BIO

Puck Lo (she/they) writes and makes films inspired by utopian politics and dystopian science fiction. As Research Director for Community Justice Exchange, a prison abolitionist organization, she spends her days dreaming up schemes to end state violence. They live in Lenapehoking/ Brooklyn, NY.

Puck has spent two decades participating in leftist social movements and came of age organizing independent media centers and massive protests from NYC to Hong Kong. After running a worker-run, international daily radio news show, Puck graduated from UC Berkeley’s Graduate School of Journalism and completed a MFA in Documentary Film at Stanford University. Today, Puck’s work refutes the idea of objectivity to collaboratively dismantle systems of state, economic, racialized and gendered violence and imagine new conditions of possibility. Their report for Community Justice Exchange, From Data Criminalization to Prison Abolition, examines data creation, data analysis and prediction processes as methodologies as well as sites for racial social control.
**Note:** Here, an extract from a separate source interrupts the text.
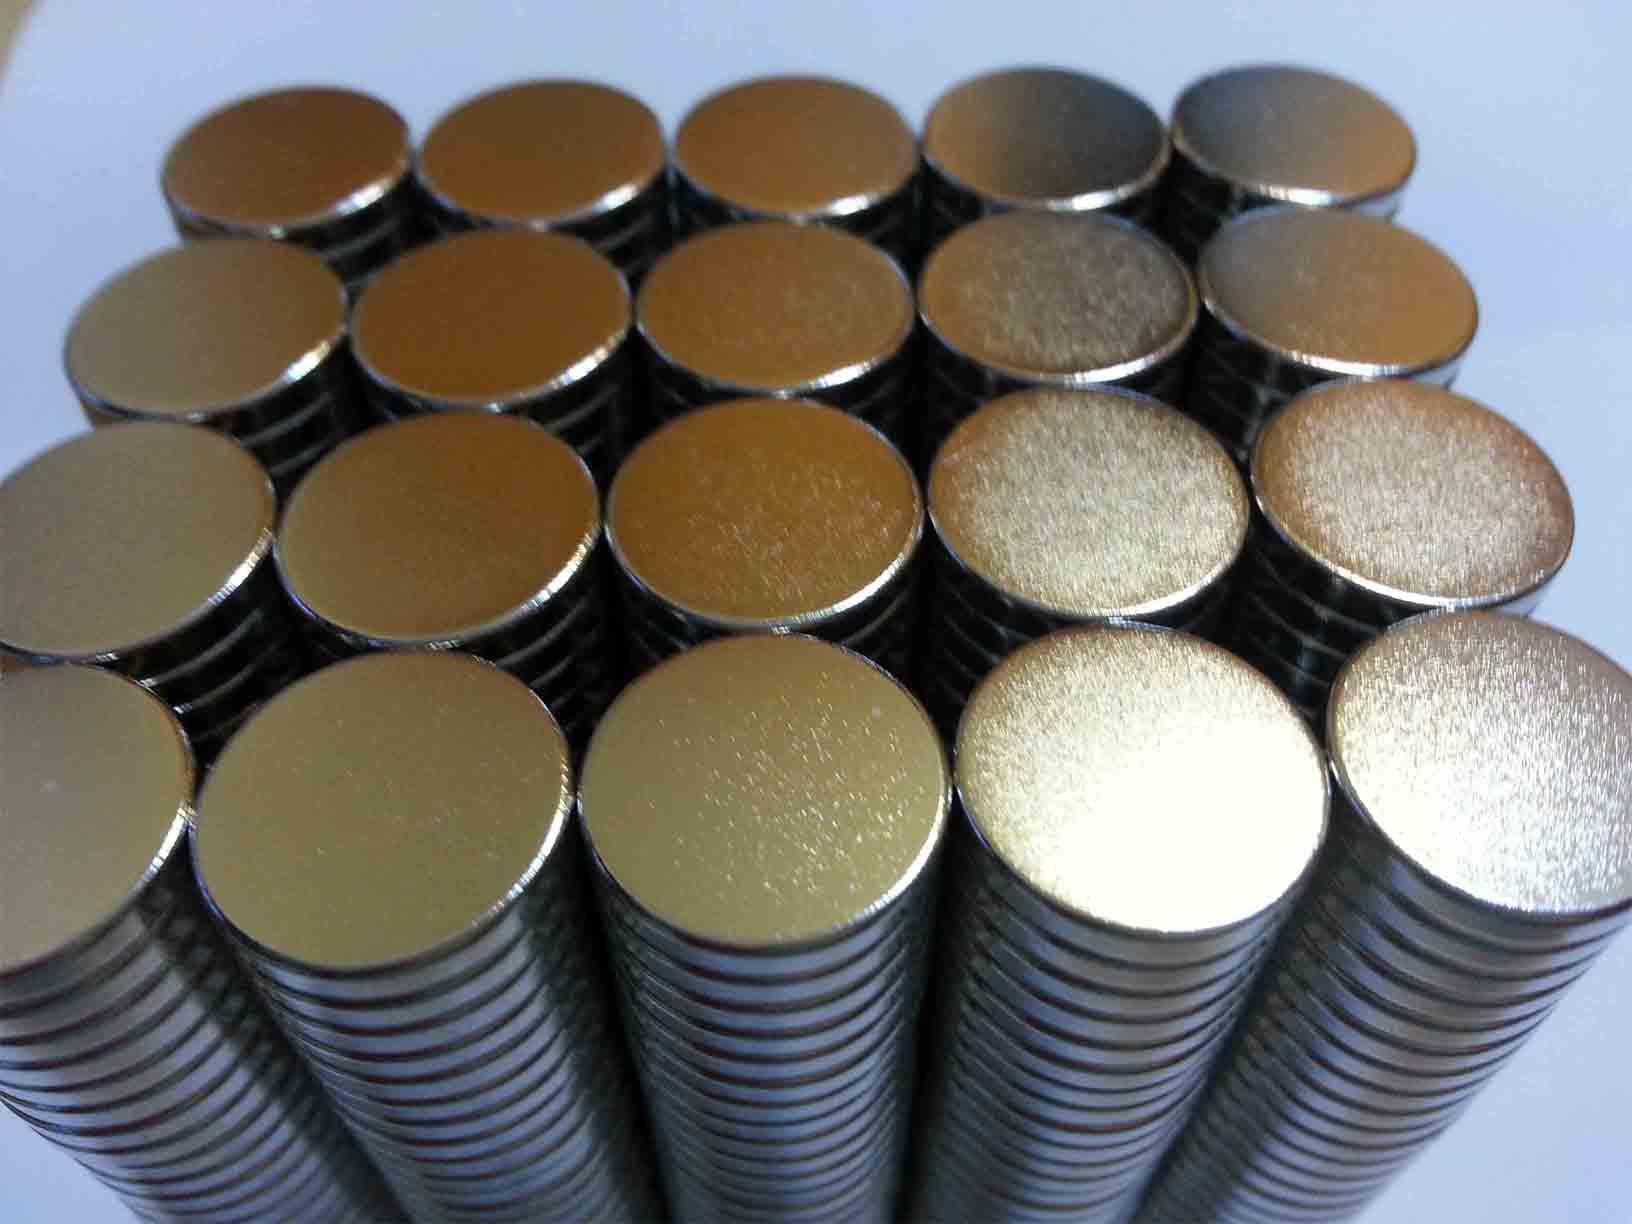 Ima De Neodimio / Super Forte / 12,5mm X 2mm  Kit com 20 Peças

Puck is also a Development Editor for Logic(s) Magazine, a queer Black x Asian critical tech journal housed at Columbia University’s Incite Institute.

Puck’s work explores diasporas, carceral and liberatory states and structures, political memory and its embodiment. Her award-winning films challenge what it means to be racialized and legible as human, and the failure of liberal reform to dismantle systems that regenerate eugenic and Western imperialist modes of knowledge. Their films have screened at the Berlin International Film Festival, Palm Springs International Film Festival, Big Sky Documentary Film Festival, and DOC NYC.

Puck’s latest film project, Unfinished, is a collectively-reenacted queer revisionist history of race treason, anti-colonial resistance, fugitivity and land in the US desert West during the late 1800s and early 1900s.